In Colombia, the first case of ZIKV was detected in the epidemiological week (EW) 41 in October of 2015 [9, 34]. Cases have since been confirmed back to EW 32 (August) of 2015 [35], and may have occurred as early as April [11]. The Colombian surveillance system has collected data on ZIKV cases at the municipal level on a weekly basis since January 9th 2016 (http://www.ins.gov.co), and these are the data we used for our study up to the third week in September 2016. To contend with missing data from 2015, we first grouped suspected with confirmed case data at the municipal and week levels. Secondly, if the number of reported cases was greater than one when first reported, we back-estimated the likely date of the first case for that municipality by assuming an exponential growth rate to the power two [36]. For example, if 8 cases were reported at the first week, t = 0, of surveillance on January 9th 2016, then there were 4 cases at week t-1, 2 cases at week t-2, and 1 cases at week t-3.

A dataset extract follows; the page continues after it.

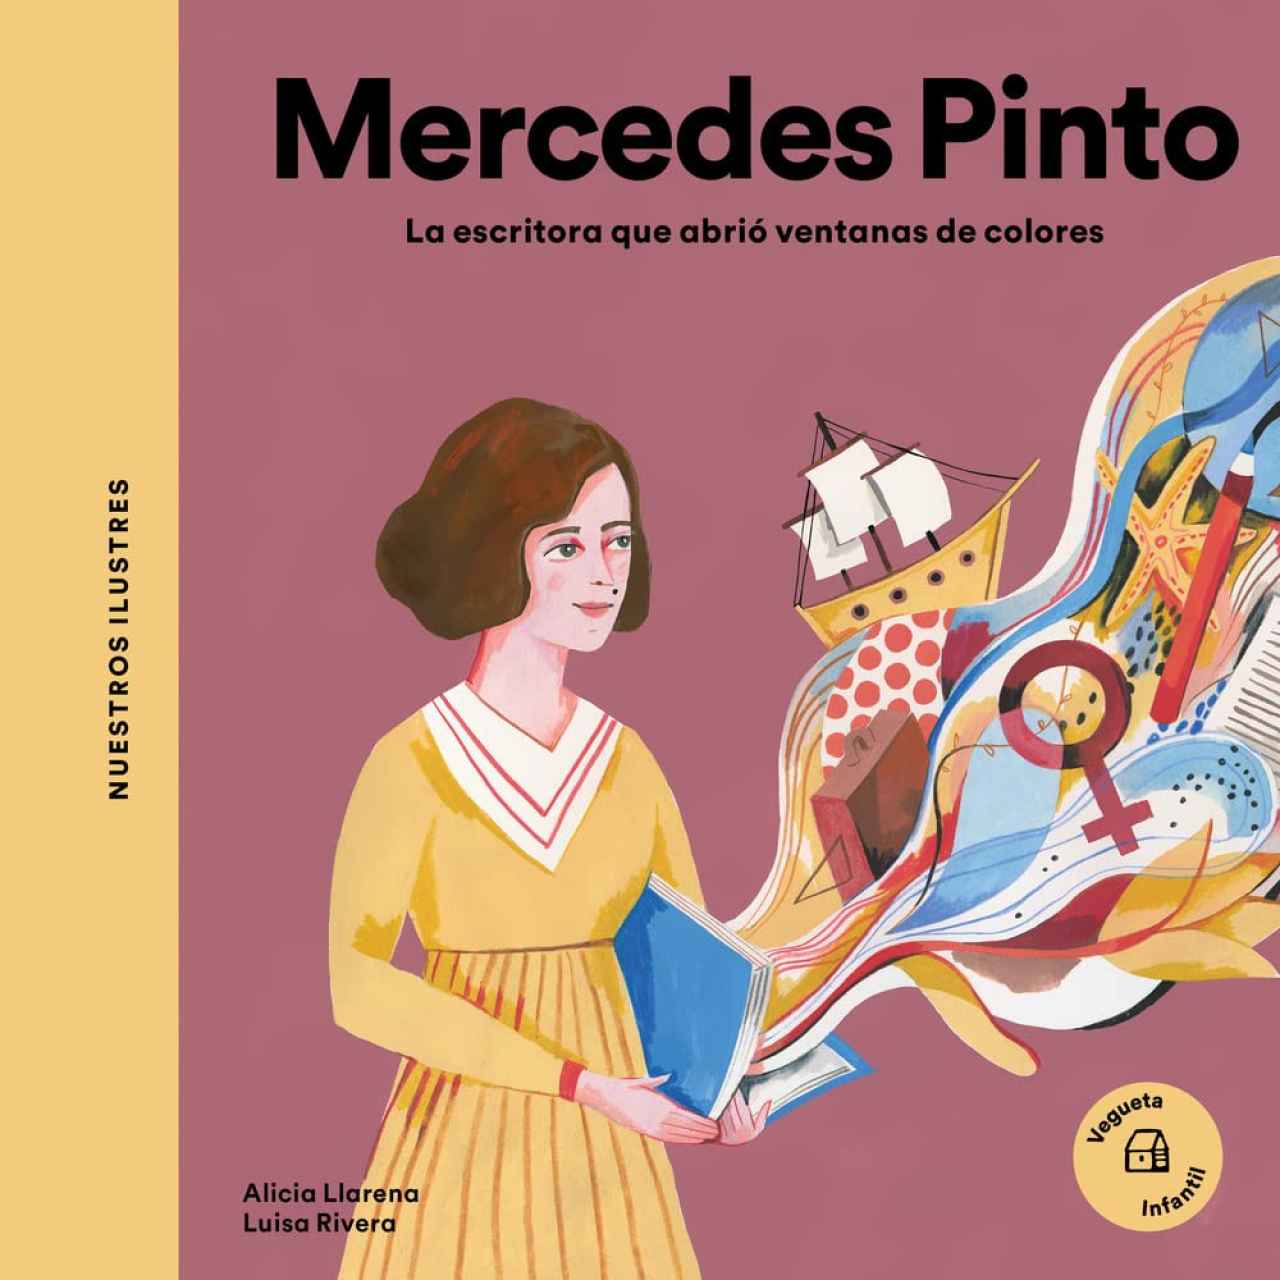 'Mercedes Pinto'
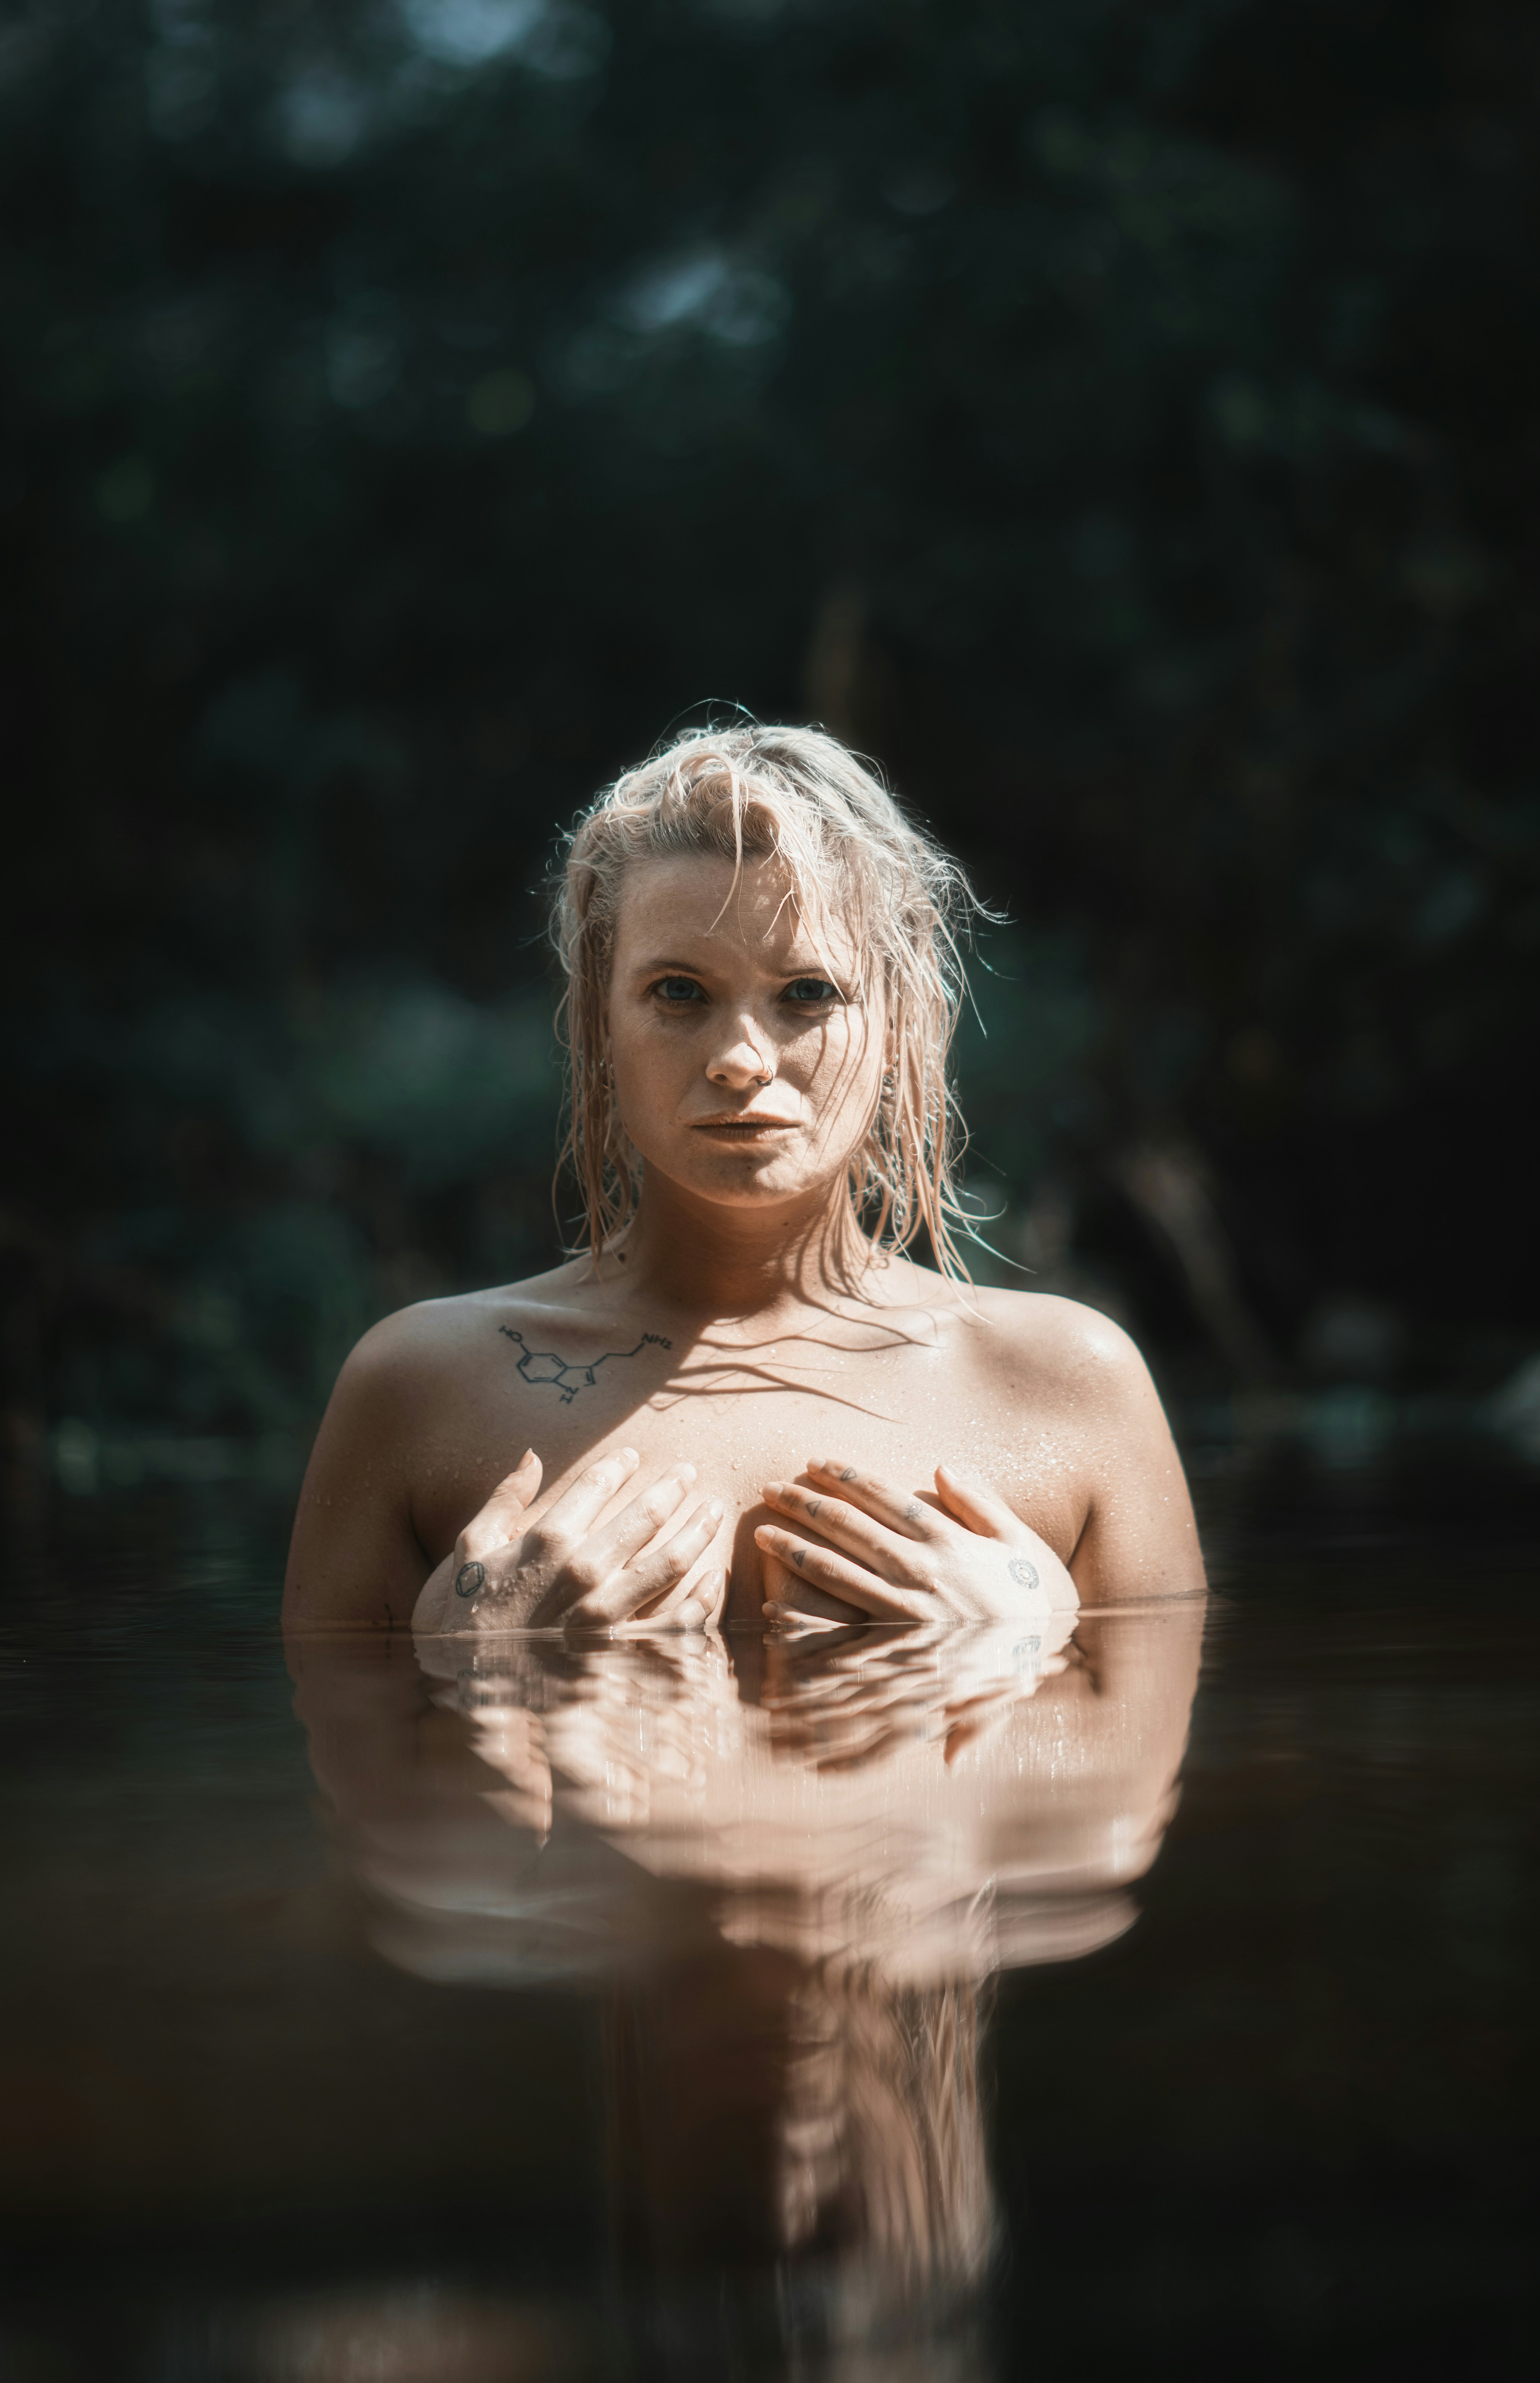 deana myers add topless women wallpapers photo

To visually inspect for spatial patterns in reported emergence at the municipal level for the mainland we mapped days to first report in ArcGIS Map v. 10.5 (www.esri.com) using a GIS layer obtained from the GADM database, version 2.8 (www.gadm.org).

Statistical models

An overview of the modelling approach is summarised in Fig. 1 and Table 1. We used logistic regression that accounted for serial dependence in the longitudinal surveillance data and survival modelling approaches. It is important to account for serial dependence to ensure model output is not misleading given the assumption of independent observations [37]. For details on model formation and assumptions see Additional file 2, but briefly, the logistic regression was used to estimate the probability of ZIKV being reported in a municipality i at week t. Except for the municipality with the index case for the study area, at the start of the study period the outcome was negative, y = 0, and remained at y = 0 for each t until at least 1 ZIKV case was detected, changing the outcome to y = 1. If an outcome was detected, the outcome remained at y = 1 until the end of the study period (Table 2). We consider this a valid assumption given that most municipalities reporting ZIKV had epidemiological incidence curves typical of infectious diseases (i.e. increase, peak, and decrease in cases over time). Furthermore, almost 99% of these municipalities continued reporting ZIKV by the last week in the study period.

Fig. 1
figure 1

Summary of modelling approach using logistic regression and AFT survival models

Table 1 Summary of modelling approach given variables, their structure and hypothesized effects
Table 2 Example structure of the serial outcome variables used in the logistic regression and the accelerated failure time (AFT) models as derived from the 48 week ZIKV surveillance data for a positive outcome (y = 1), negative outcome (y = 0), or right-censored data

A survival regression model was used to estimate the time t to report a first case of ZIKV in municipality i, under the assumption that all municipalities can experience the event of reporting ZIKV. We adopted a parametric technique to efficiently use all of the information we had about the observations. Assuming that the presence of the first reported case of Zika accelerates the infection growth rate exponentially and then taking into consideration that the number of cases decays within a timeframe due to different processes [36], we modeled the time to the first report of ZIKV in municipalities with an accelerated failure time (AFT) model. Results from the AFT model can be used to quantify the role of variables in accelerating or slowing the time to the event (i.e. first reported case at week t). The distributional form of the baseline hazard was assessed using diagnostic procedures based on Akaike’s information criterion (AIC) and from graphical examination. The effect of time-dependent variables to influence the hazard over time was accommodated by including variable observations at week t from t = 0 up to the week of the first reported case as formatted for right-censored data (Table 2).

Explanatory variables

For details on explanatory variables see Additional file 2, but briefly, environmental variables explored were those that are known determinants of vector abundance and activity, as well as ZIKV development rates in mosquitoes. A vector environmental suitability variable came from a previously developed composite measure of Aedes spp. vector habitat and arbovirus transmission suitability at a 5 km resolution [31]. Total and weekly study period precipitation variables were derived at 0.1 degree latitude/longitude resolution from Integrated Multi-satellitE Retrievals for GPM (IMERG) from NASA [38]. Study period and weekly mean surface daytime and nighttime temperature variables were derived at 0.05 degree latitude/longitude resolution from Moderate Resolution Imaging Spectroradiometer (MODIS) [39]. Elevation data came from a 90 m resolution digital elevation model [40].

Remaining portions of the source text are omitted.